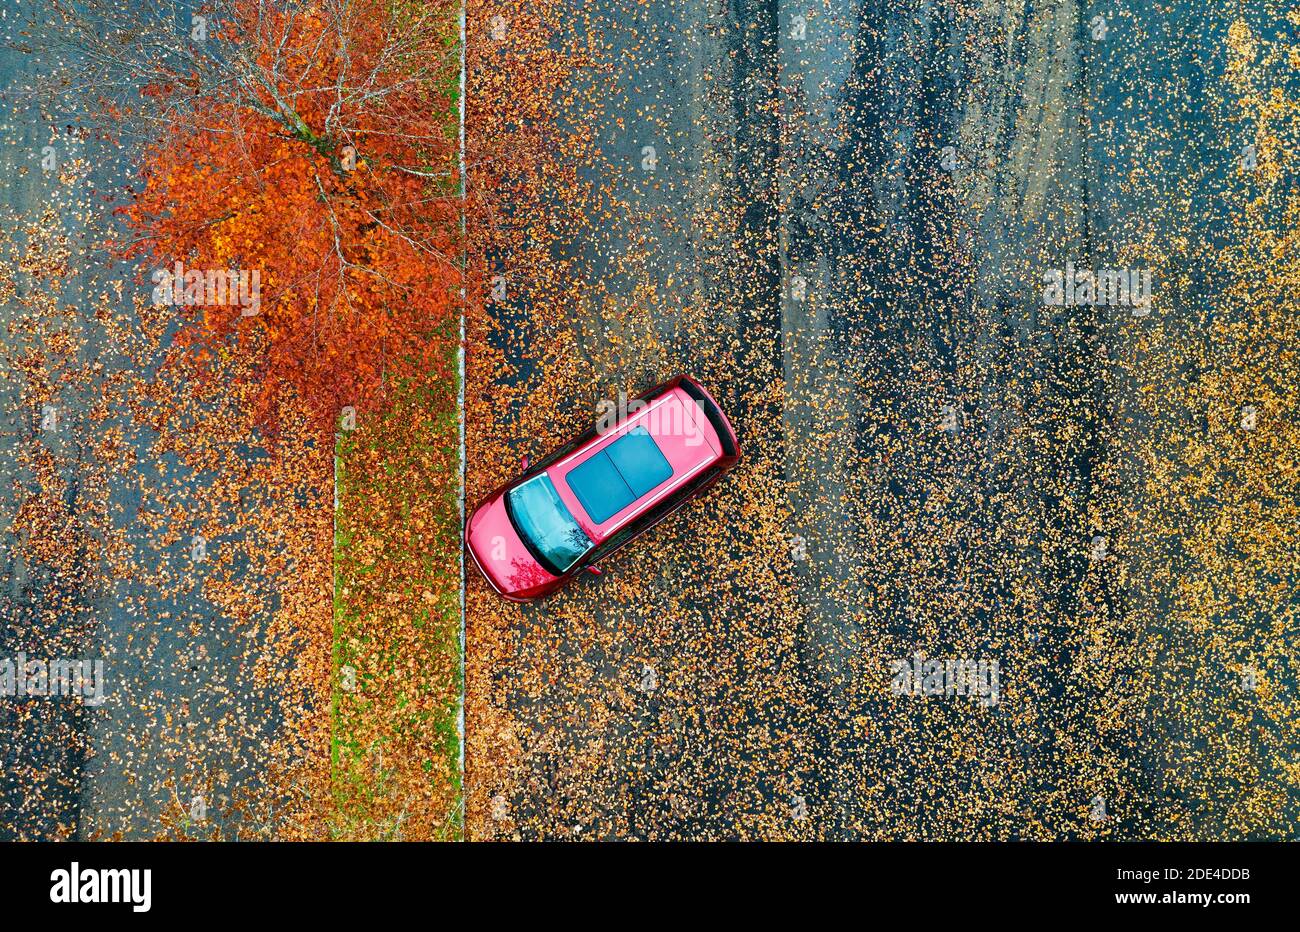 Monovoiture au parking avec arbres à feuilles caduques colorés, d'en haut, tir de drone, vue aérienne, Mondseeland, Salzkammergut, haute-Autriche, Autriche Banque D'Images
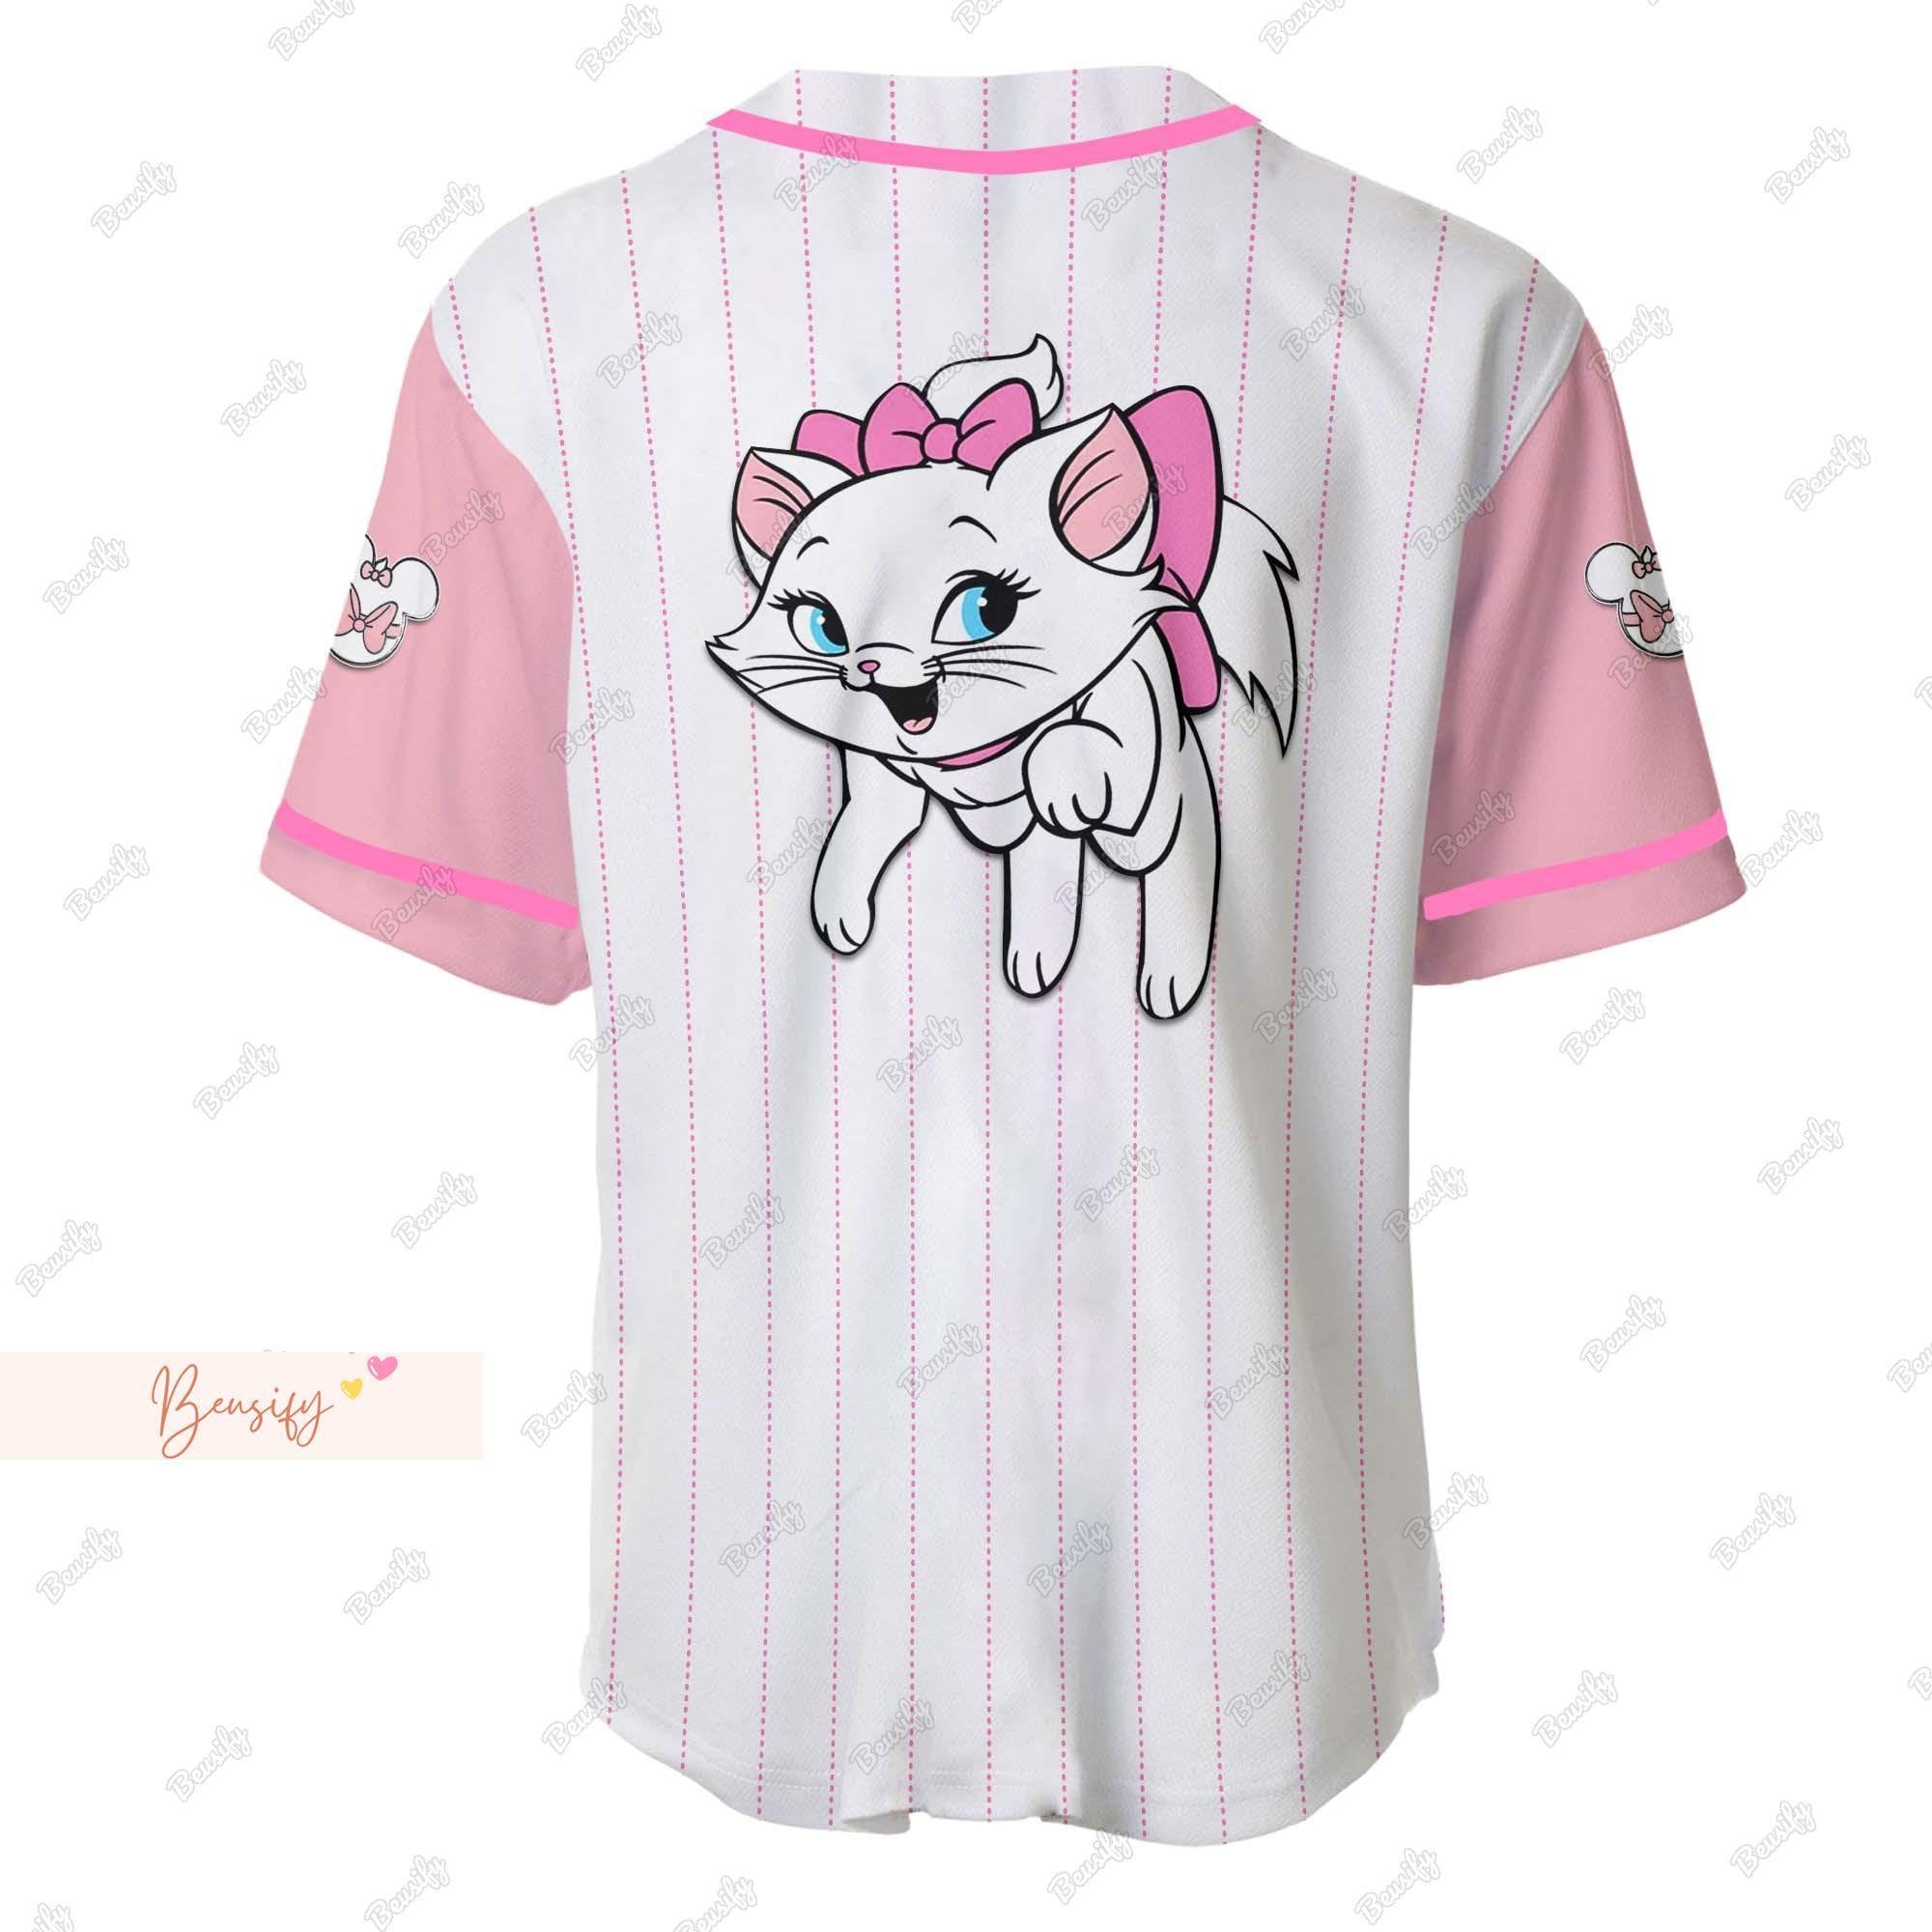 Marie Cat Jersey Shirt, Marie Cat Baseball Jersey, Cute Marie Jersey
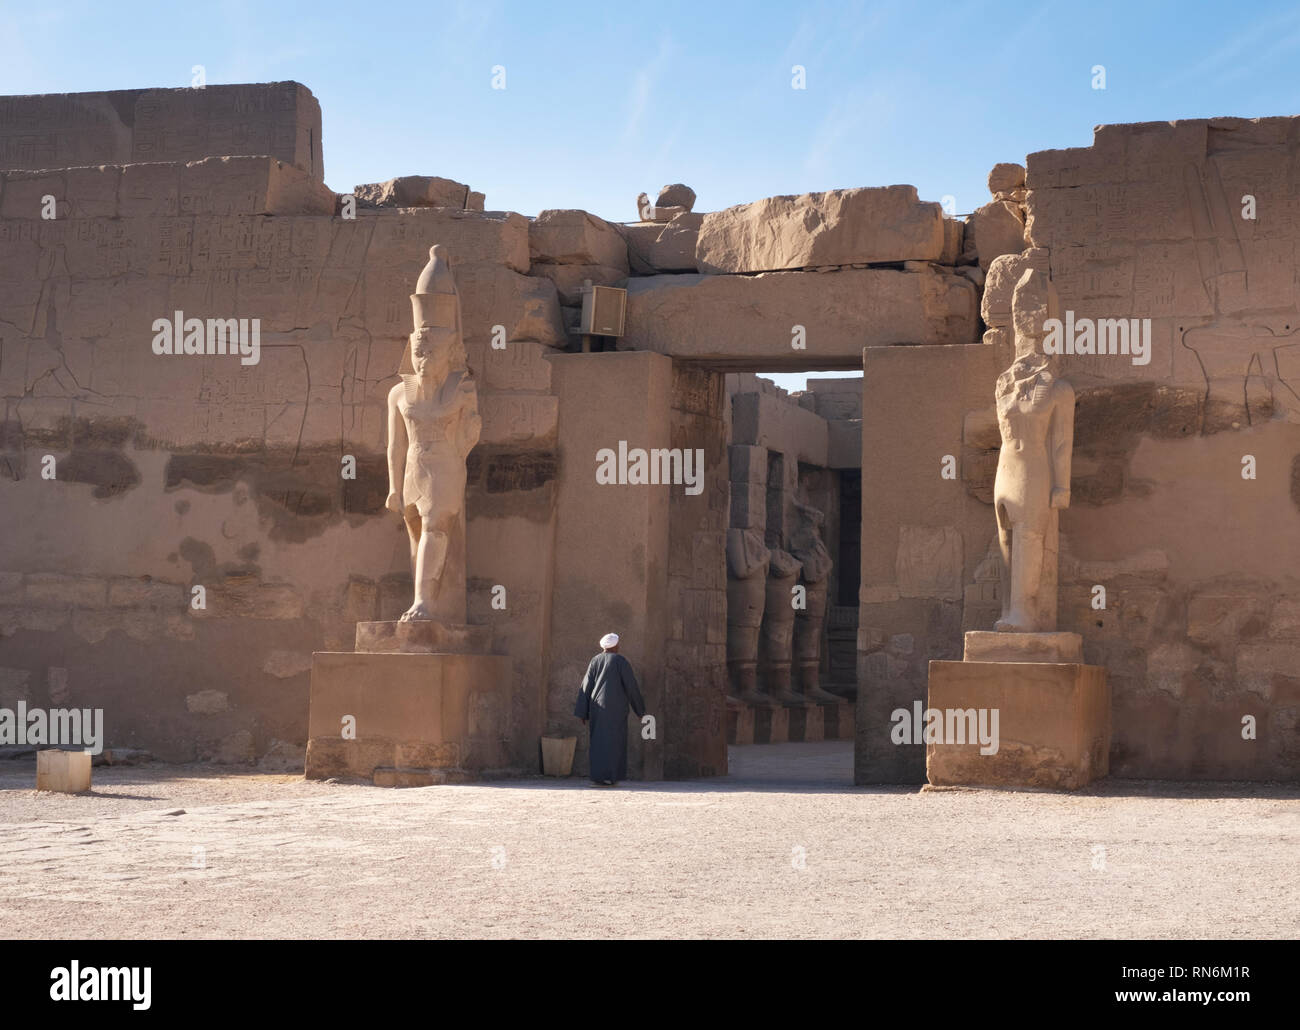 February 2019 - Karnak Temple, Egypt Stock Photo

○ ○ ○

» Task brief: Word for word, reproduce all of the data, but keep out the pictures.

» Answer to this exercise:
 Monovoiture au parking avec arbres à feuilles caduques colorés, d'en haut, tir de drone, vue aérienne, Mondseeland, Salzkammergut, haute-Autriche, Autriche Banque D'Images
 Marie Cat Jersey Shirt, Marie Cat Baseball Jersey, Cute Marie Jersey
 February 2019 - Karnak Temple, Egypt Stock Photo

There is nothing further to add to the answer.